Detection Method:Sandwich
Test principle:This assay employs a two-site sandwich ELISA to quantitate EGFL7 in samples. An antibody specific for EGFL7 has been pre-coated onto a microplate. Standards and samples are pipetted into the wells and anyEGFL7 present is bound by the immobilized antibody. After removing any unbound substances, a biotin-conjugated antibody specific for EGFL7 is added to the wells. After washing, Streptavidin conjugated Horseradish Peroxidase (HRP) is added to the wells. Following a wash to remove any unbound avidin-enzyme reagent, a substrate solution is added to the wells and color develops in proportion to the amount of EGFL7 bound in the initial step. The color development is stopped and the intensity of the color is measured.

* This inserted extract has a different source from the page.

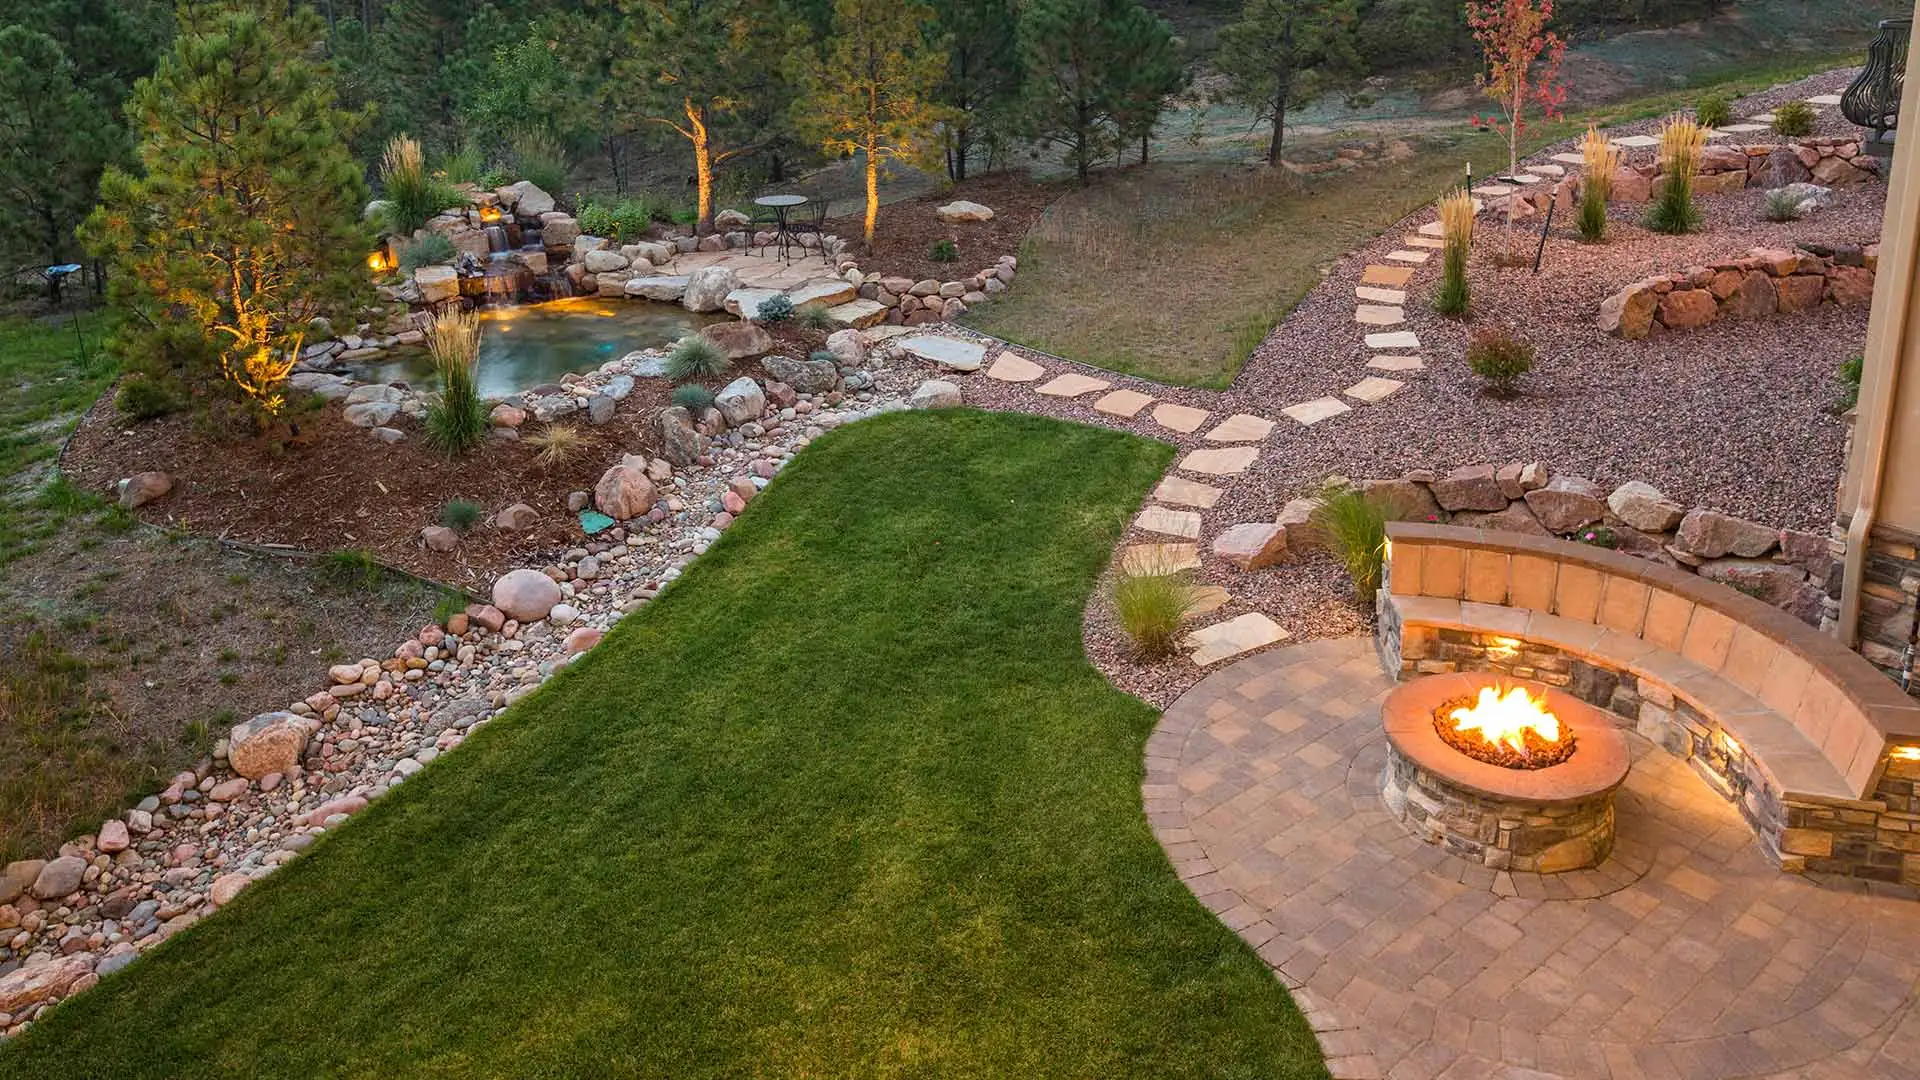 This fire pit in Millstadt, IL will provide enjoyment for the homeowners.

Product Overview:The deduced 275-amino acid protein has a calculated molecular mass of 29.8 kD. The mouse and human EGFL7 proteins both contain an N-terminal cleavable signal peptide followed by 2 epidermal growth factor (EGF)-like domains, and they share 78% amino acid identity. Northern blot analysis detected a transcript of about 1.6 kb only in mouse heart, lung, and kidney. In situ hybridization showed mouse Egfl7 expressed at embryonic day 7.5 exclusively in the primitive blood islands where the first endothelial cells differentiate, and later in endothelial cells of a wide range of tissues. Fluorescence-labeled Egfl7 was expressed in the endoplasmic reticulum of transfected mouse fibroblasts, and it was secreted into the culture medium.